━━━━━ DATA SEGMENT ━━━━━

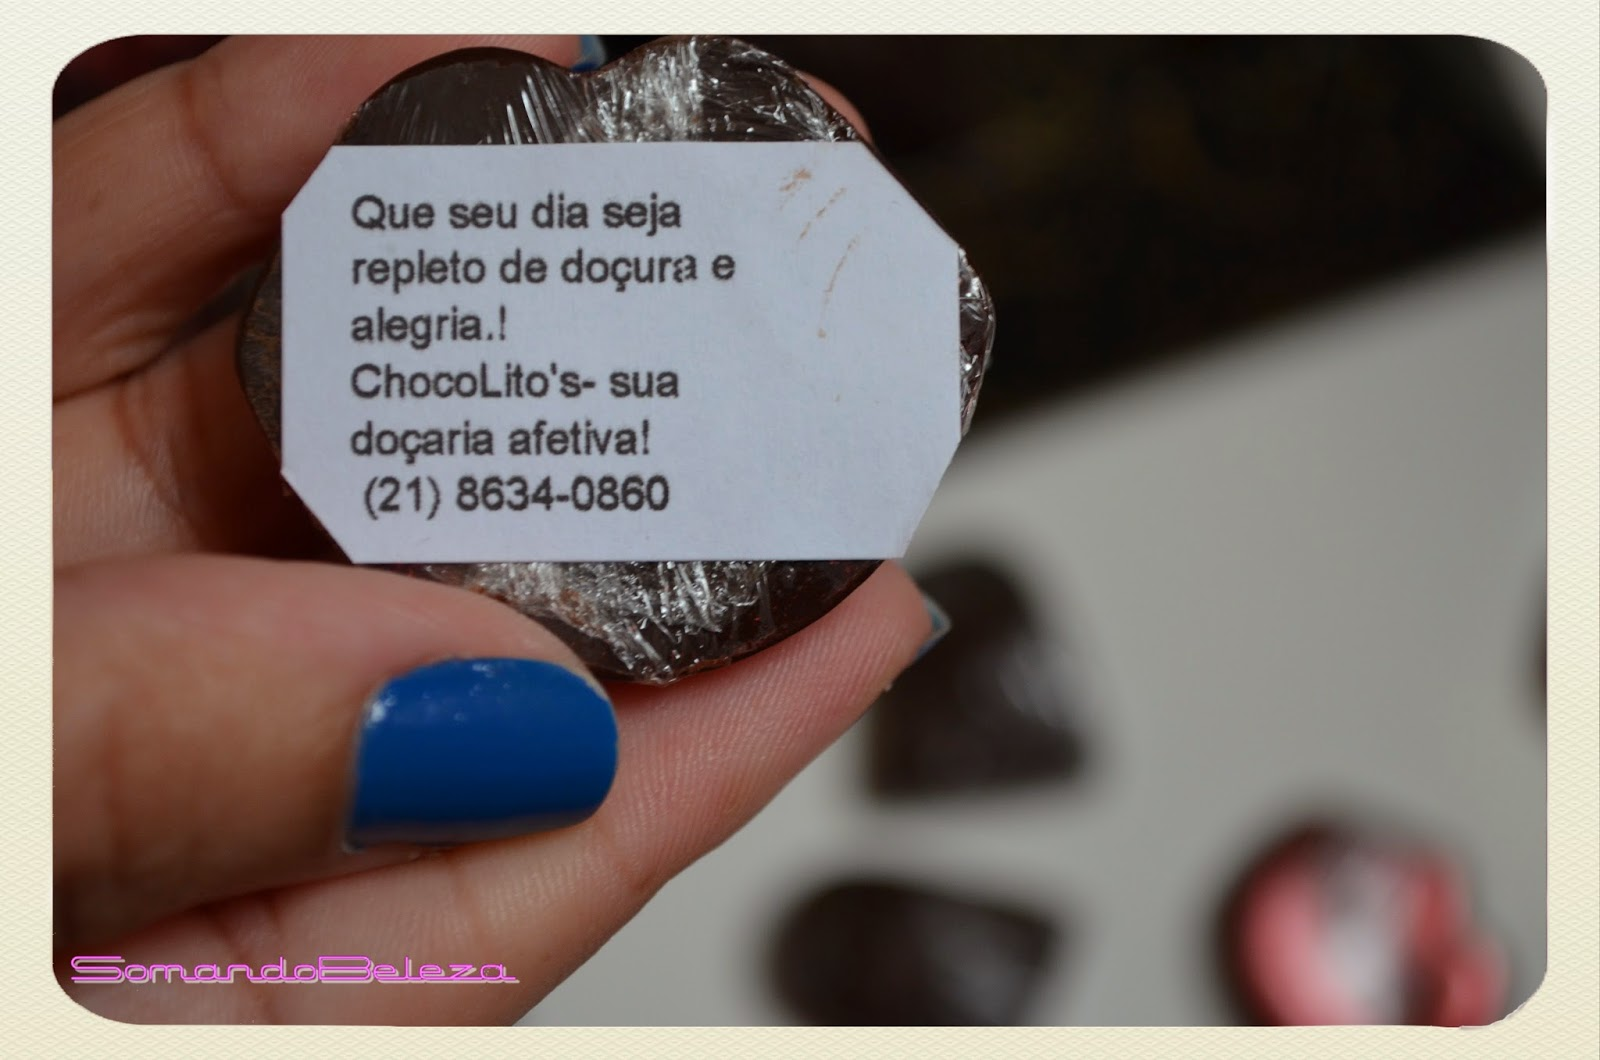 Somando Beleza, Neiva Marins, Chocolito's
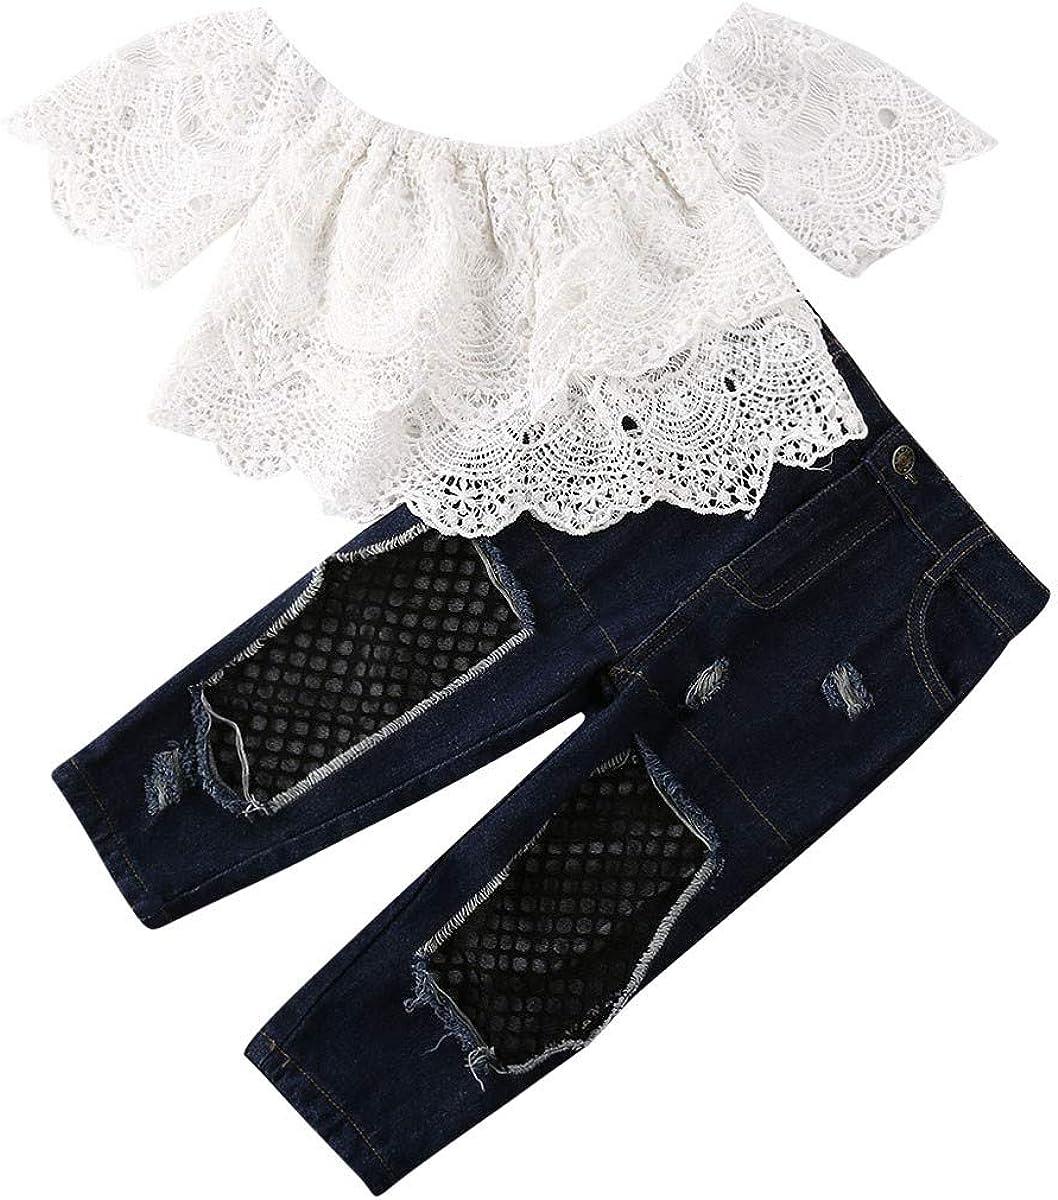 2Pcs Set Fashion Toddler Max 80% OFF Kids Baby cheap Top+Floral Girl Denim T-Shirt
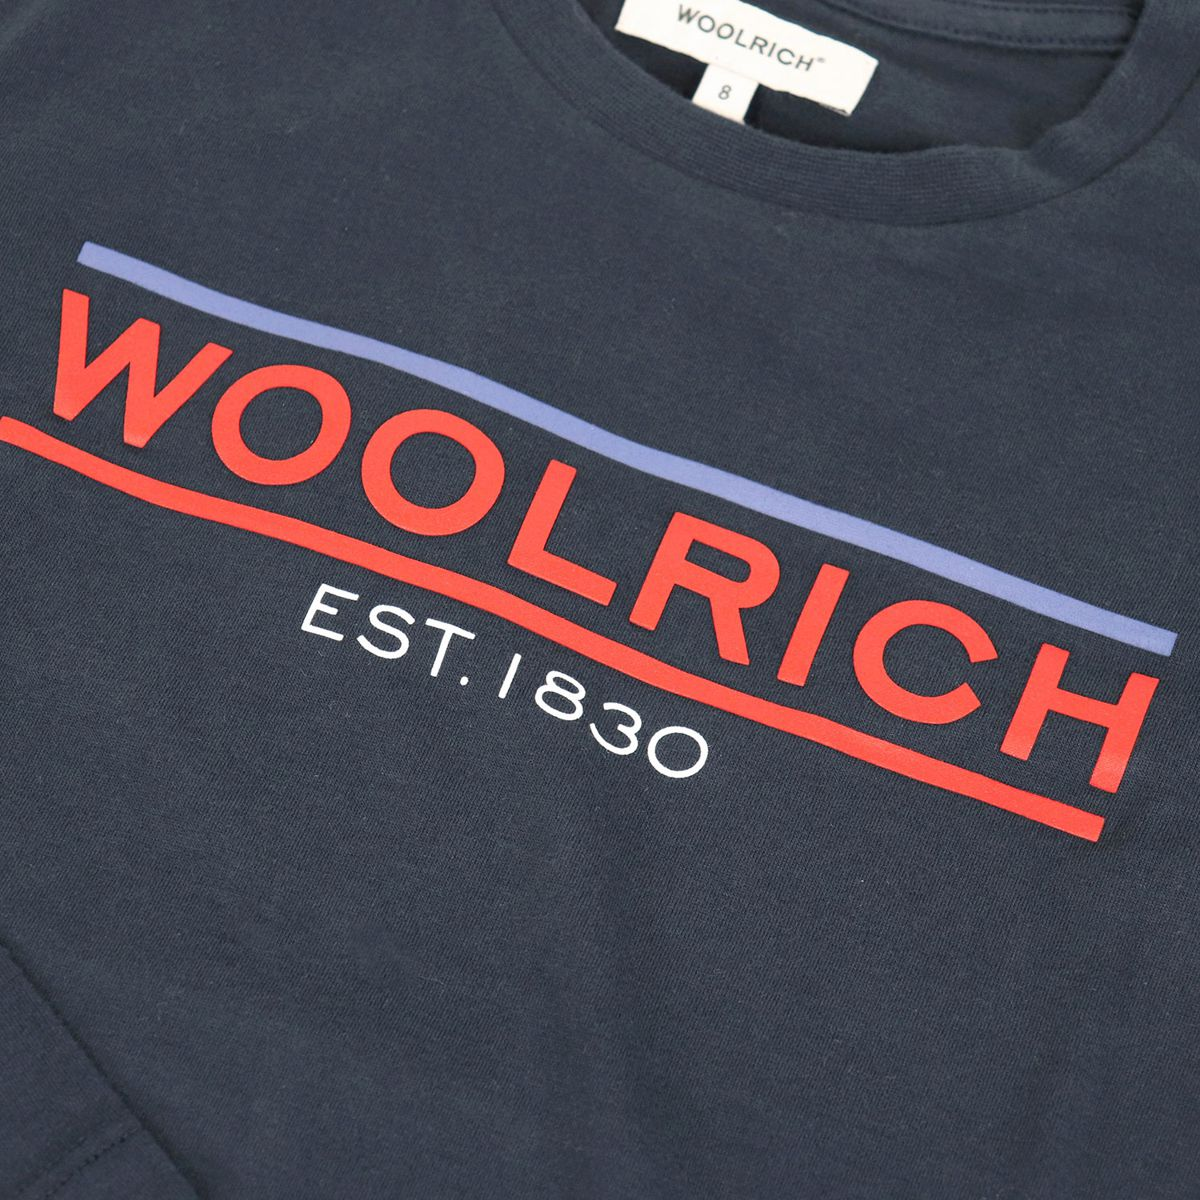 Long sleeve t-shirt with logo Blue Woolrich
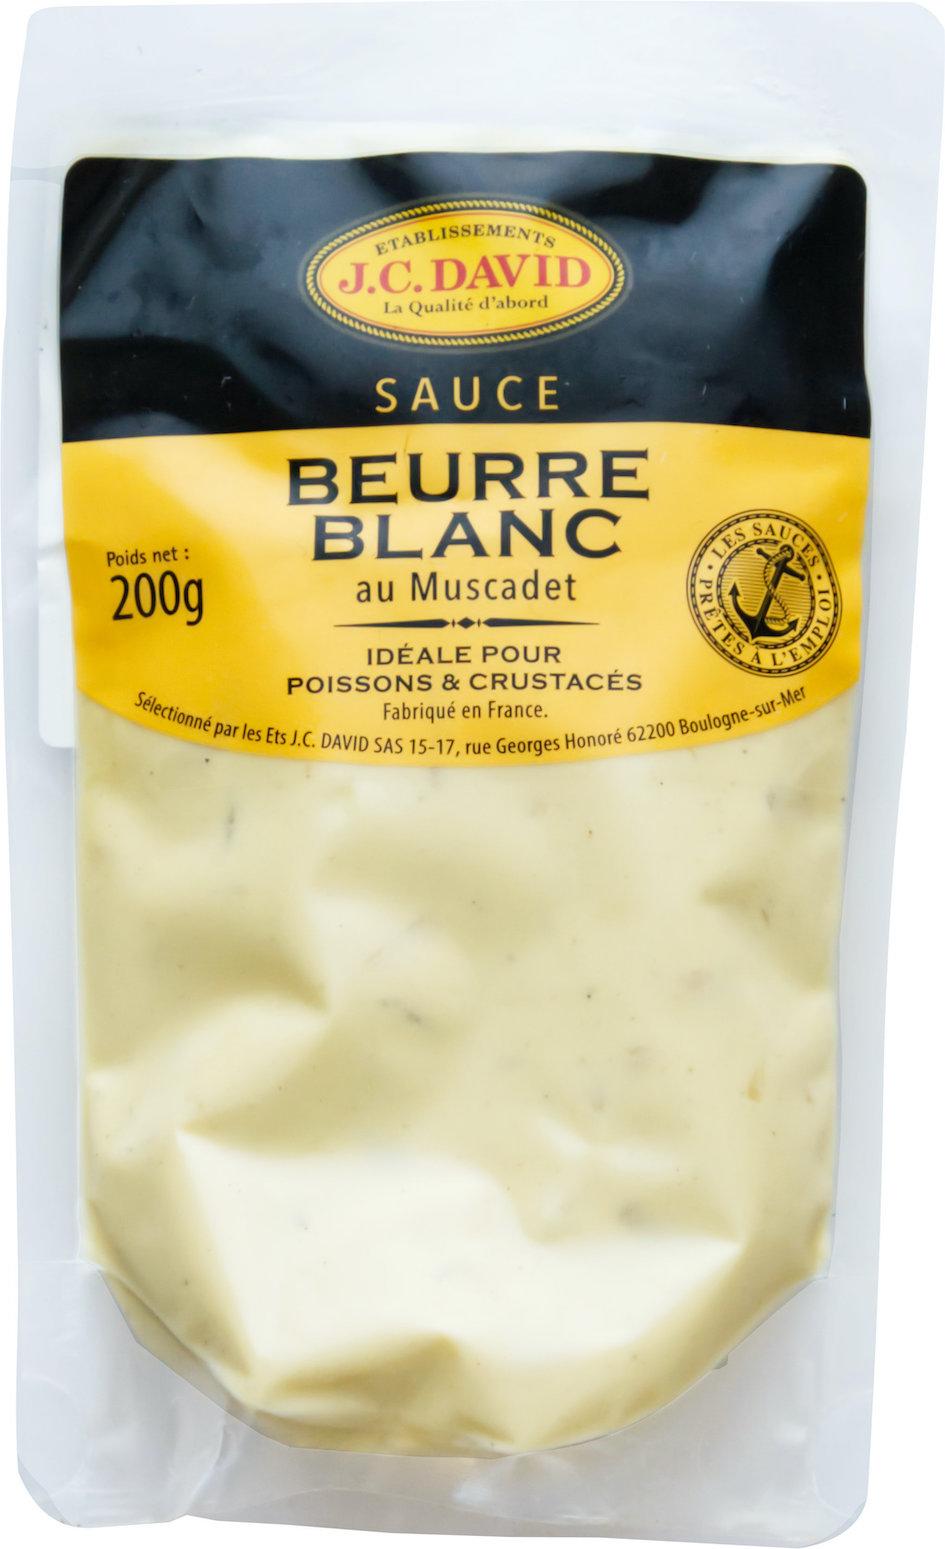 SAUCE BEURRE BLANC - 200 g

━━━━━

#### [WHAT TO WORK ON]
Print each line of the listing exactly and include no pictures.

#### [SOLUTION TO THIS EXERCISE]
 Somando Beleza, Neiva Marins, Chocolito's
 2Pcs Set Fashion Toddler Max 80% OFF Kids Baby cheap Top+Floral Girl Denim T-Shirt
 Long sleeve t-shirt with logo Blue Woolrich
 SAUCE BEURRE BLANC - 200 g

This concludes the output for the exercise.